Responderam os Autores, concluindo pela improcedência da arguida excepção, por considerar, em síntese, que estamos perante actos materialmente administrativos, embora sob (indevida) forma legislativa e, portanto, sindicáveis junto dos tribunais administrativos, nos termos dos artº268º, nº4 da CRP e 52º, nº1 do CPTA (cf. artº 3º a 33º dessa resposta).
2. O âmbito da jurisdição administrativa e a competência dos tribunais administrativos, em qualquer das suas espécies, é de ordem pública e o seu conhecimento precede o de qualquer outra matéria (artº13º do CPTA).
Assim, a apreciação da competência material deste Tribunal para conhecer da presente acção tem, necessariamente, de preceder a apreciação da impugnabilidade dos actos aqui em causa, a qual só poderá ser apreciada pelo tribunal competente para deles conhecer.
Como é sabido, a competência afere-se pelo quid disputatum e não pelo quid decisum. (Manuel de Andrade, Noções Elementares de Processo Civil, Coimbra, 1979, pág. 91 e acórdãos do Tribunal de Conflitos de 4-7-2006, proc. 11/2006, de 26.9.96 (Ap. D.R., p. 59), 27.2.02, procº. n° 371/02, 9.3.04, proc.° n° 4/03, 23.9.04, proc.° n° 5/04, Acs. do STA de 12-01-88, proc.° n.° 24.880, in Ap. D.R., p. 106 e do STJ de 6-06-78, in BMJ, 278, 122.)

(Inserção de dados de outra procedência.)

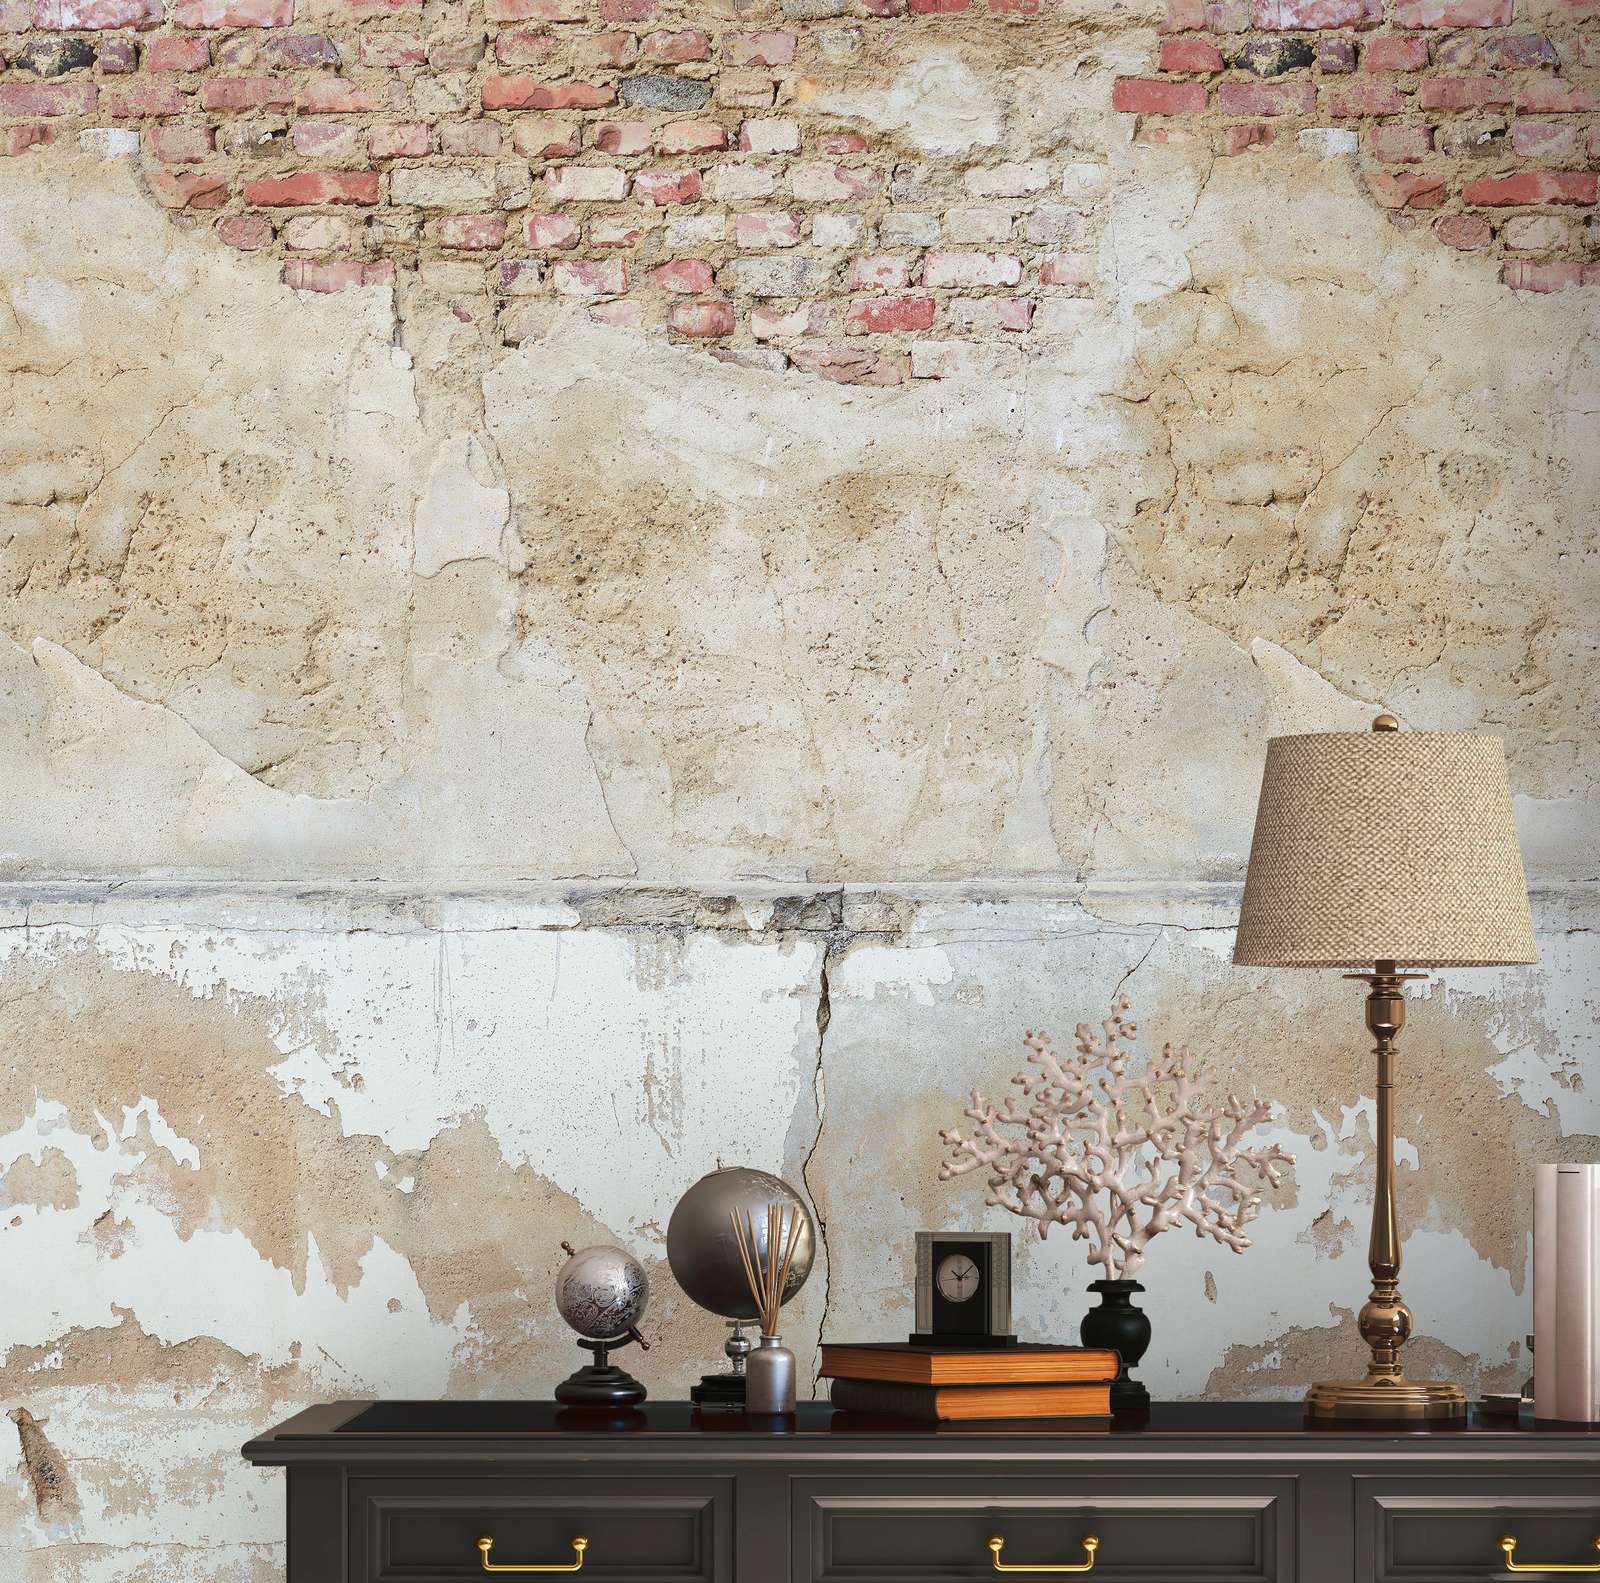             Papier peint mur de pierre aspect béton abstrait - beige, gris, marron

Ora, os Autores pedem, na presente acção, a declaração de nulidade ou anulabilidade de alegados actos materialmente administrativos, contidos nos seguintes diplomas legais:
- -o Decreto-Lei nº170/2000, de 08.08 que, ao abrigo do artº198º, nº1, b) da CRP e, portanto, de autorização legislativa conferida pelo artº12º da Lei nº3-B/2000, de 04.04, prorrogou “por mais um período de três anos, contados a partir de 22 de Agosto de 2000”, as medidas preventivas de ocupação do solo, na área de implantação potencial do novo aeroporto internacional, então previsto para a zona da OTA, definidas nos “Quadros A e B” anexos ao Decreto nº31-A/99, de 20.08 (este último diploma legal prorrogara por um ano essas medidas que haviam sido inicialmente fixadas pelo DL 42/97, de 21.08, para um período de dois anos, ao abrigo da Lei dos Solos - Lei nº794/76, de 05.11);
- -o Decreto-Lei nº 118/2003, de 14 de Junho que igualmente ao abrigo do artº198º, nº1b) da CRP e, portanto, de autorização legislativa conferida pelo artº1º da Lei nº5/2003, de 27.02, novamente procedeu à prorrogação do prazo dessas medidas preventivas, “ por mais um período de três anos, contados de 22 de Agosto de 2003”;
- -A Lei nº 38/2006, de 17.08 que, ao abrigo do artº161º c) da CRP, voltou a prorrogar por “um período não superior a três anos”, o prazo de vigência das referidas medidas preventivas decretadas para a área em questão.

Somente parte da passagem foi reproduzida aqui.